Außenseiter im US-Basketball-Finale: Arbeiter aus Miami

Miami Heat steht völlig überraschend in den NBA-Finals gegen die Denver Nuggets. Das hat viel mit dem Ausnahmespieler Jimmy Butler zu tun.

Portrait von Jimmy Butler

US-Nationalspieler Jimmy Butler Foto: Wilfredo Lee/ap

Sport kann grausam sein. Da spielt man wie die Boston Celtics katastrophal, verliert die ersten drei Spiele sang- und klanglos gegen die Miami Heat, gewinnt die nächsten drei Spiele und steht davor, Geschichte zu schreiben. Denn noch nie hat jemand ein 0:3 in einen Erfolg verwandelt – nur, um im siebten und entscheidenden Spiel wieder eine fürchterliche Leistung abzuliefern. 84:103 gingen die Celtics, der Rekordmeister der NBA, unter gegen den krassen Außenseiter aus Miami, der nun ab Donnerstag im Finale gegen die Denver Nuggets um den Titel spielen darf.

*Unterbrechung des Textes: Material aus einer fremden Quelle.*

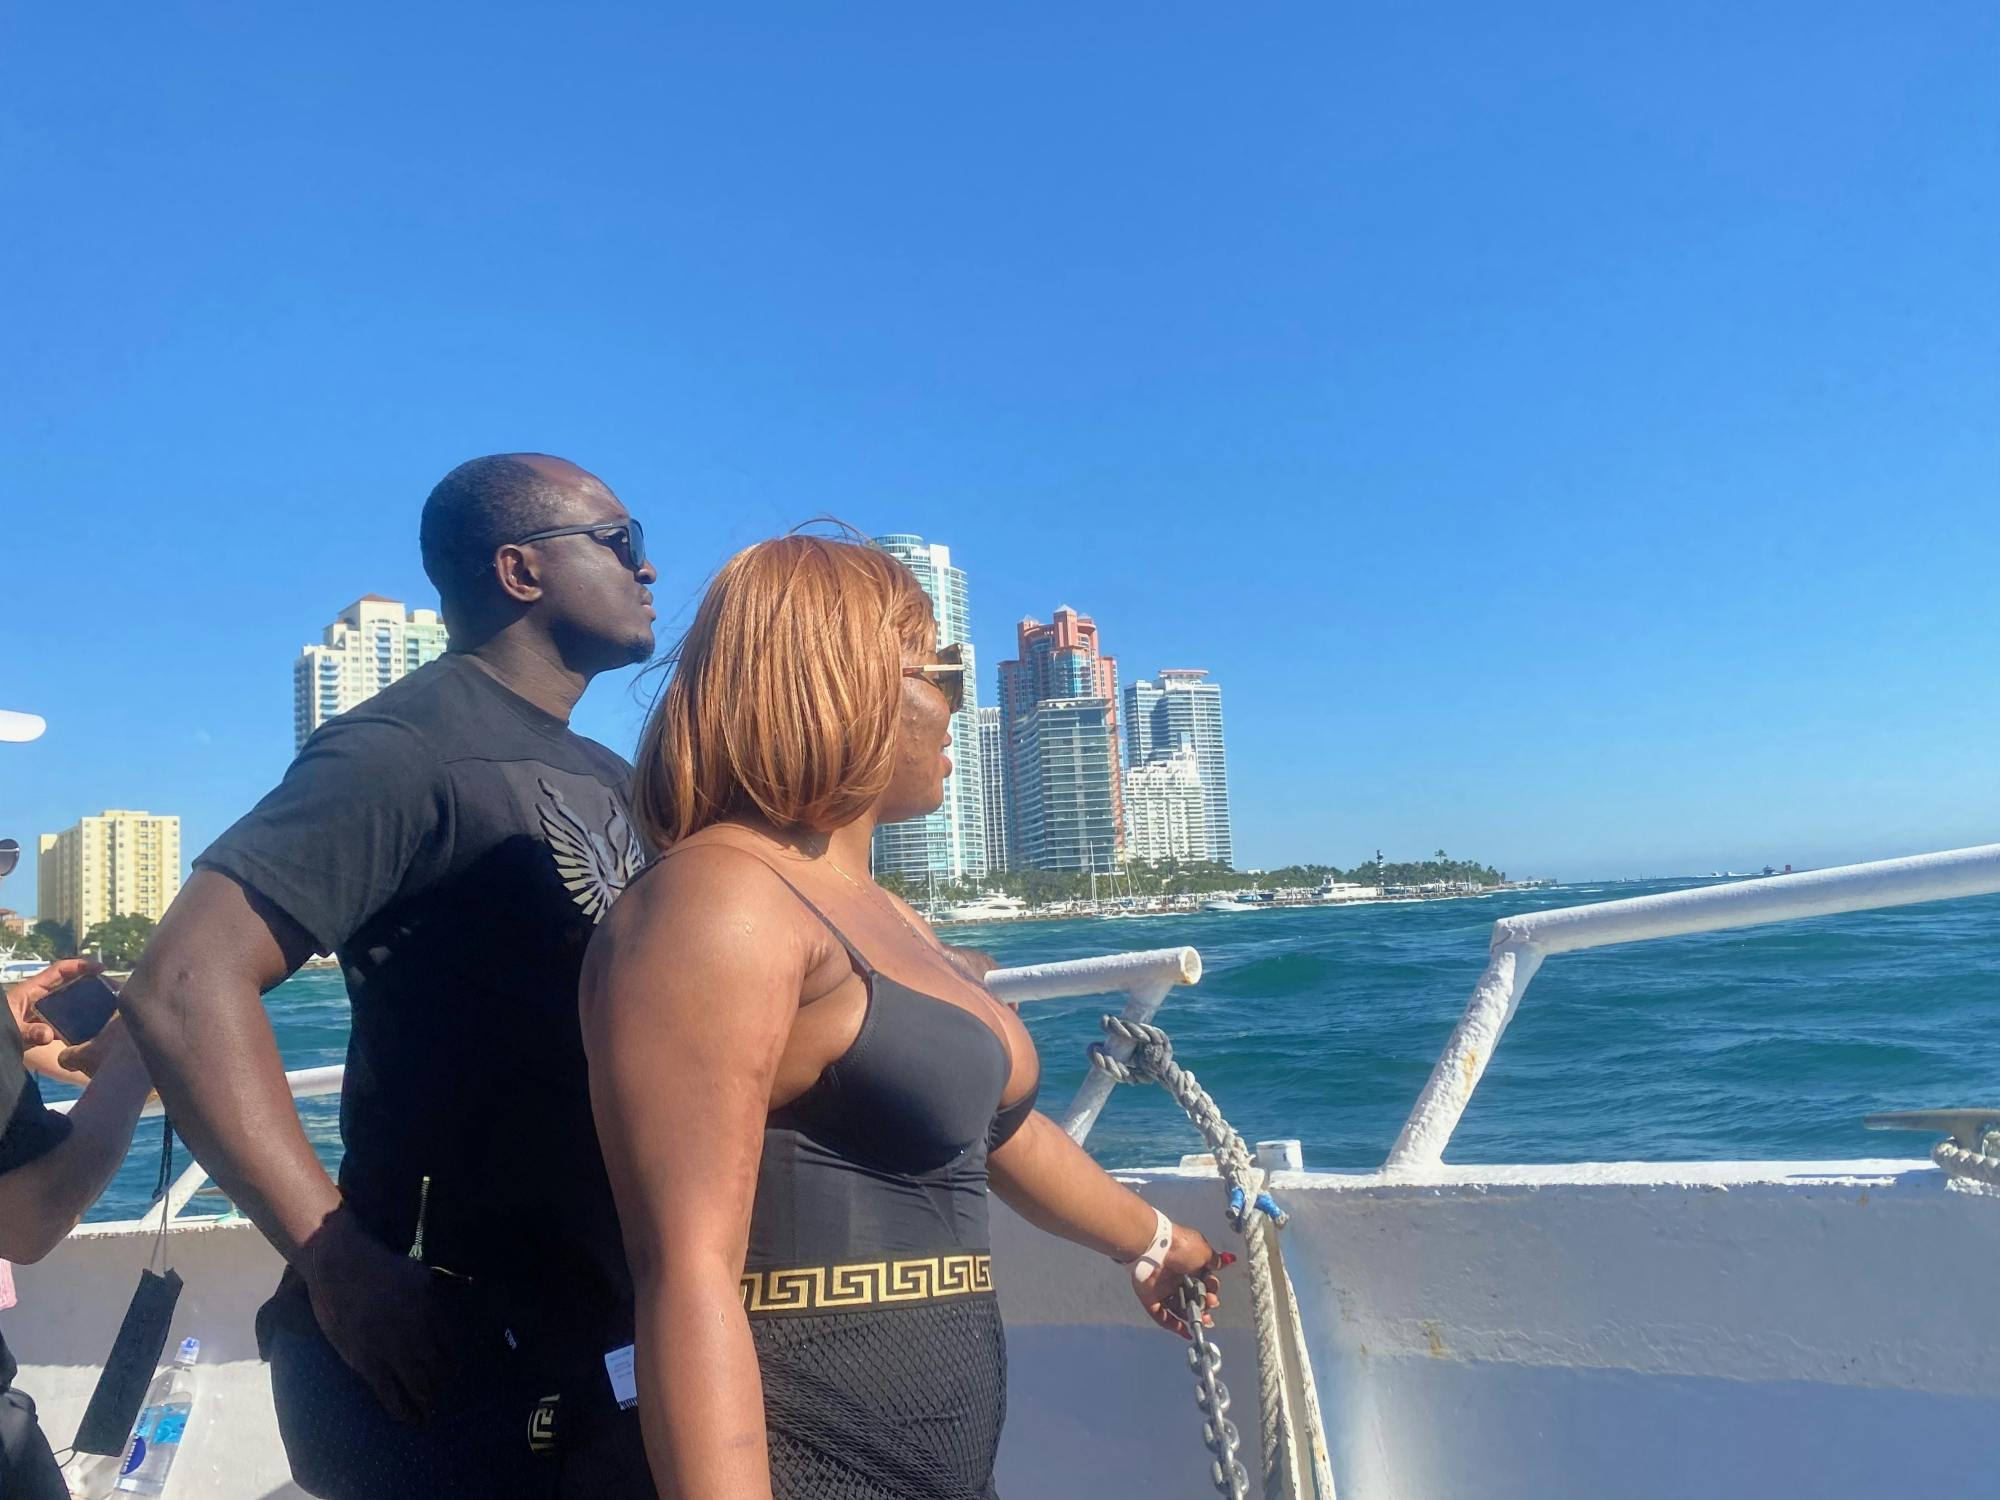 Miami 90 minute Millionaire's Row cruise with hop on off bus tour

Das ist vor allem der Verdienst von Jimmy Butler. Der 33-jährige US-Nationalspieler ist vielleicht der unwahrscheinlichste Superstar der NBA. Er ist mit seinen 2,01 Metern nicht allzu imposant, er ist kein irrsinnig guter Schütze, kein überragender Vorbereiter. Er macht nichts außergewöhnlich gut, aber sehr vieles sehr gut. Was ihn vor allem auszeichnet, ist ein an Starrsinn grenzender Glaube an sich selbst und ein übersteigerter Ehrgeiz, mit dem er im Laufe seiner Karriere immer wieder aneckte. Oder, wie er es selbst nach Spiel sieben formulierte: „Ich bin einfach selbstbewusst.“

Wie unerschütterlich dieses Selbstbewusstsein ist, demonstrierte Butler gegen die Celtics mit dem viel talentierteren Kader. Zudem musste Miami auf einen ihrer besten Spieler, den verletzten Tyler Hero, verzichten. Überraschend gewannen die Heat trotzdem die ersten drei Spiele, nur um Spiel Nummer vier zu verlieren. Trotzig ließ Butler wissen, dass man im nächsten Spiel den Sack zumachen werde.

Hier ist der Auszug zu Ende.